Конечно, никакой цели кого-то задеть, обидеть не было. Тем более делить людей на украинцев или русских. Вообще говоря, я не занимаюсь политическим кино. Ведь речь в фильме совсем о другом. Одна актриса пробовалась на главную роль мамы пропавшего ребенка. Она рассказывает: «Вчера в два часа ночи закончила читать сценарий… пошла в детскую… в слезах обняла дочь крепко-крепко… и просила прощения». Я изумился: «Сколько вашей дочери?» — «Два с половиной года». — «Ну не может же человек, — говорю ей, — накопить такую большую вину перед малышкой. Вся ваша любовь в нее вложена. Просто вы уже заранее предчувствуете будущие ошибки, обиды, недопонимание, недолюбовь». Вот что хочу сказать тем «чудакам», которые заранее уверены в том, что я снимаю чернуху, порочащую людей. Сказать им лично следующее: «Фильм снят только для того, чтобы вы пришли домой и крепко обняли своих детей». Все. Точка.

— Снова в твоем фильме противопоставление автоматизма госмашины человеку, в этом, кстати, признается честный милиционер. «Не теряйте, говорит, времени — сразу идите к волонтерам».

— Он действительно хороший человек, к тому же отлично знает, какие механизмы у нас реально работают. Он действительно хочет помочь.

— Волонтеры — самое светлое пятно в этой истории.
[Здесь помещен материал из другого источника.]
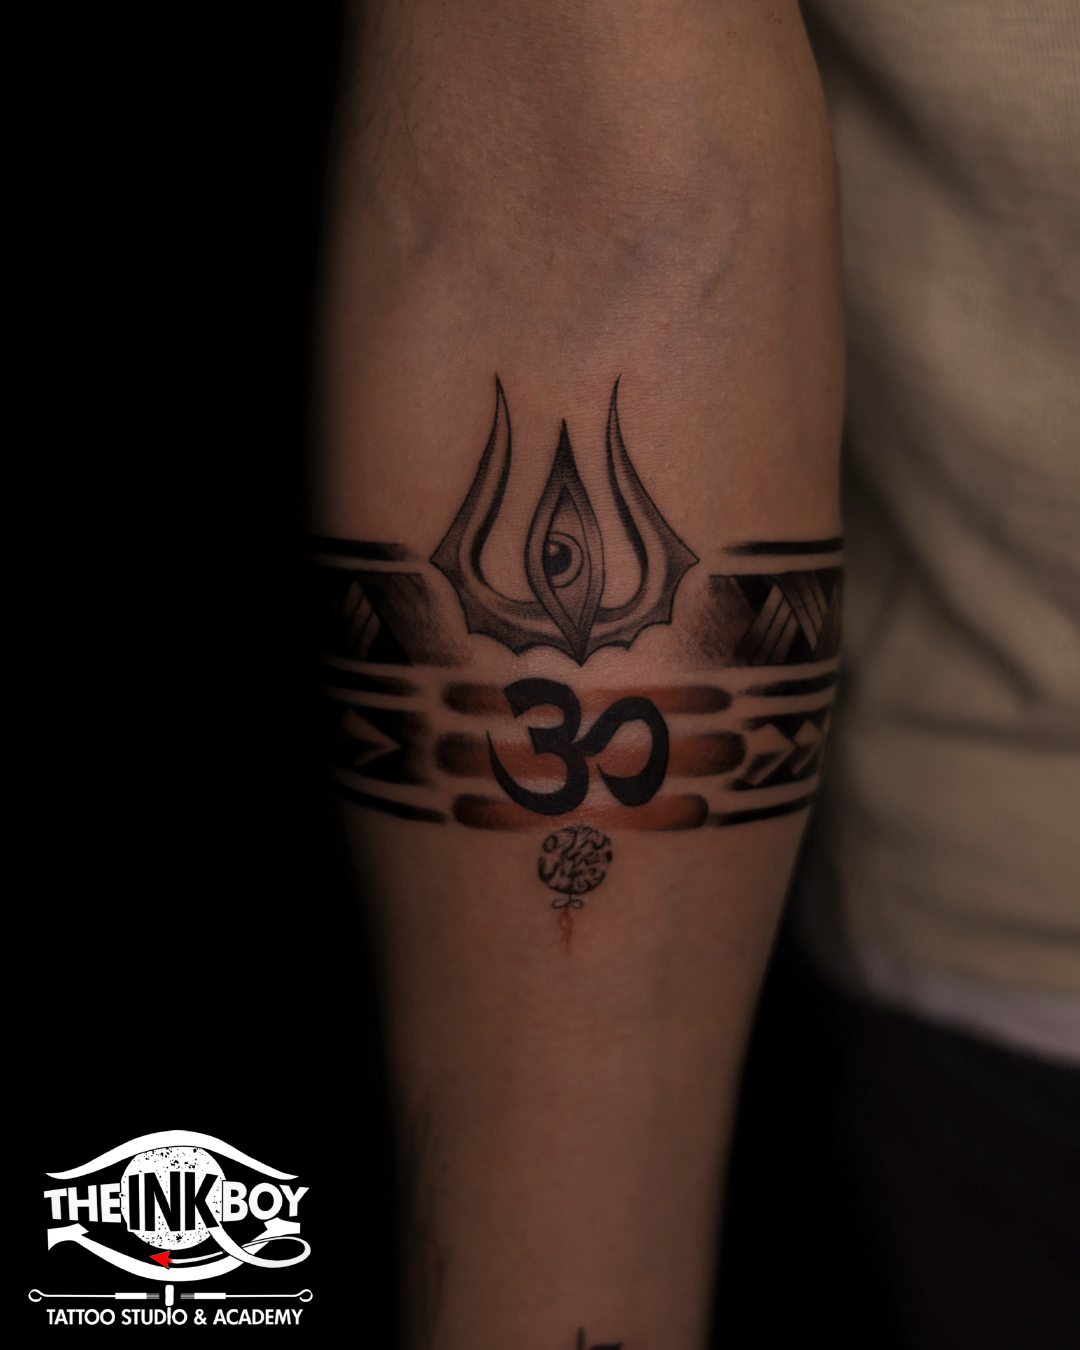 Tattoo uploaded by serhatunvertattooart • 🗻N A T U R E🗻 Band tattoo # tattoo #tattoos #tattooed #tattoodo #art #ink #inked #minimalist  #tattoowork #floraltattoo #moon tattoo #blactattoo #fineline #tattooartist  #tattoolove #dövme #dövmesanati ...

— В определенном смысле, конечно, существует это противопоставление. И если говорить о перспективах, речь может идти только о самоорганизации. Если государство не работает. Если человек в нем не предусмотрен. Государству нынешнего образца человек просто не нужен. Поэтому, как растут сквозь асфальт цветы, так и человек выбирается из-под колес Молоха. Прорастает человеческое в нас самих, в лучших из нас. В частности, в настоящих «героях нашего времени» — волонтерах. Иначе их не назовешь. Встреча с этим явлением в нашей жизни — событие в моей.

— В этом смысле «Нелюбовь» оптимистичней «Левиафана», в котором тоже была внутренняя тема оппозиции человека и госмашины. Ощущение, что все друг другу чужие. С темой волонтерства, приходит не только надежда, но и энергия солидарности.
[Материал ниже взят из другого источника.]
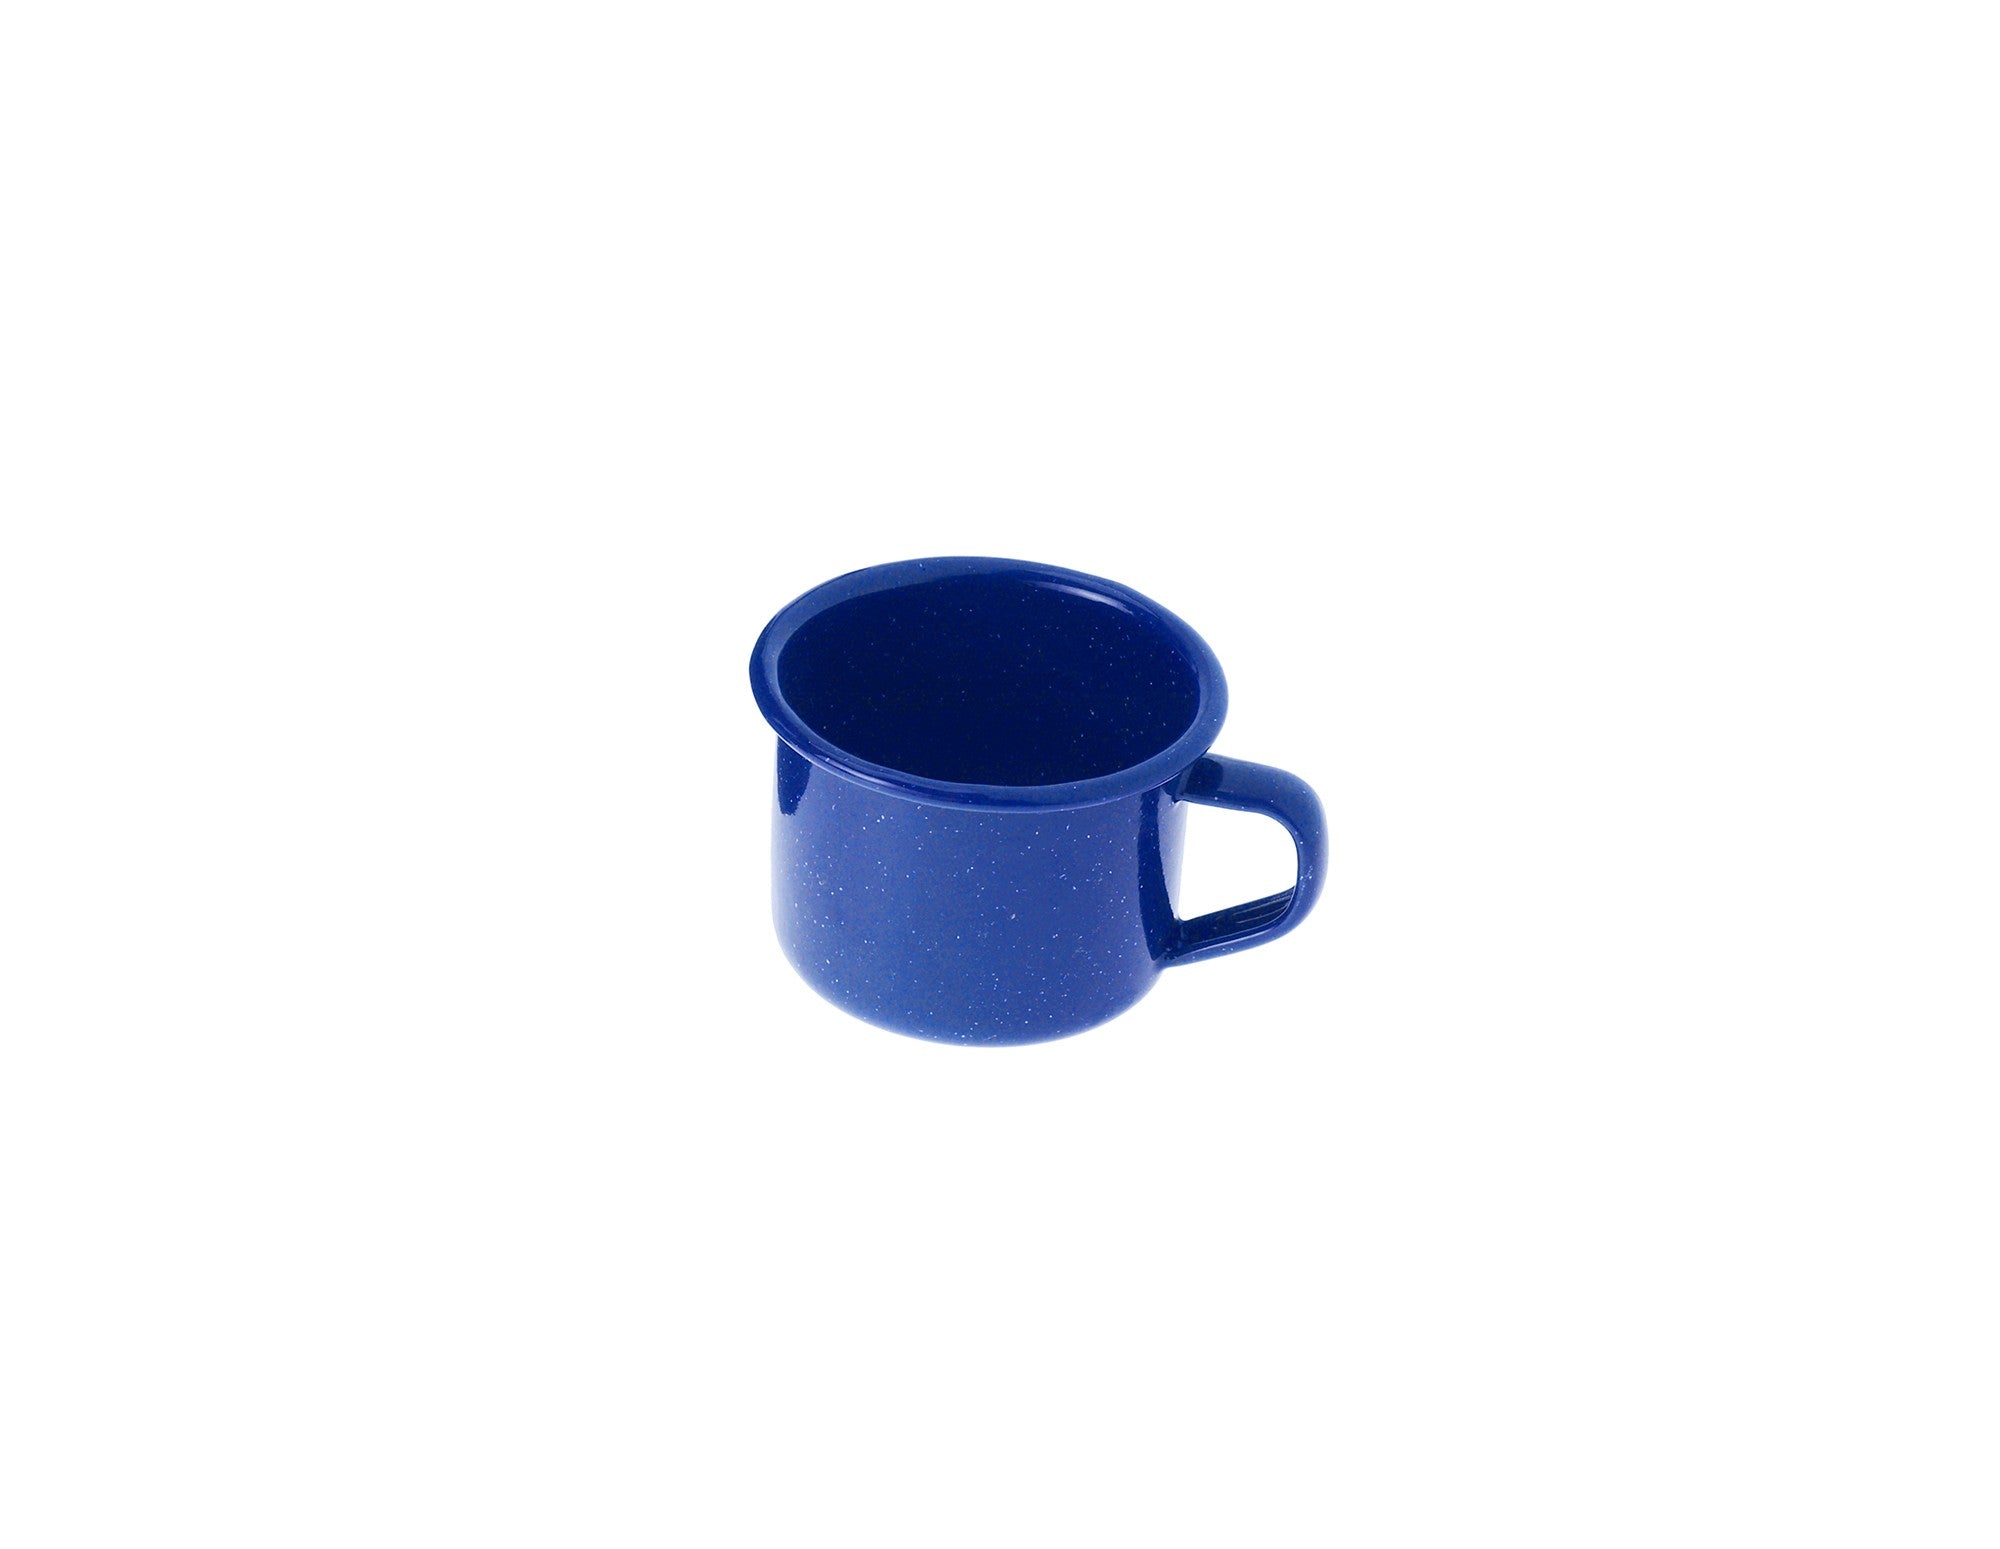 GoodGlassware Insulated Espresso Mugs (Set of 2)

— Я рад, что счастливым образом случилась наша встреча с людьми из добровольного поискового отряда «Лиза Алерт». Их работа бескорыстна. Незаменима. И необходима. Работа доброй воли. Без подобных людей действительно мрак был бы беспросветный.

— Ваши фильмы не радуют киночиновников. И когда министр настаивал на введении вето при распределении финансирования кино, в качестве аргумента приводил «Левиафана», порочащего страну. Кажется, ровно на следующий день «Нелюбовь» получила приглашение в каннский конкурс.

— У меня нет телевизора, и все эти дурные заявления, слава богу, пролетают мимо. Хотя все это страшно огорчает. Я узнал об этом уже здесь от ваших коллег.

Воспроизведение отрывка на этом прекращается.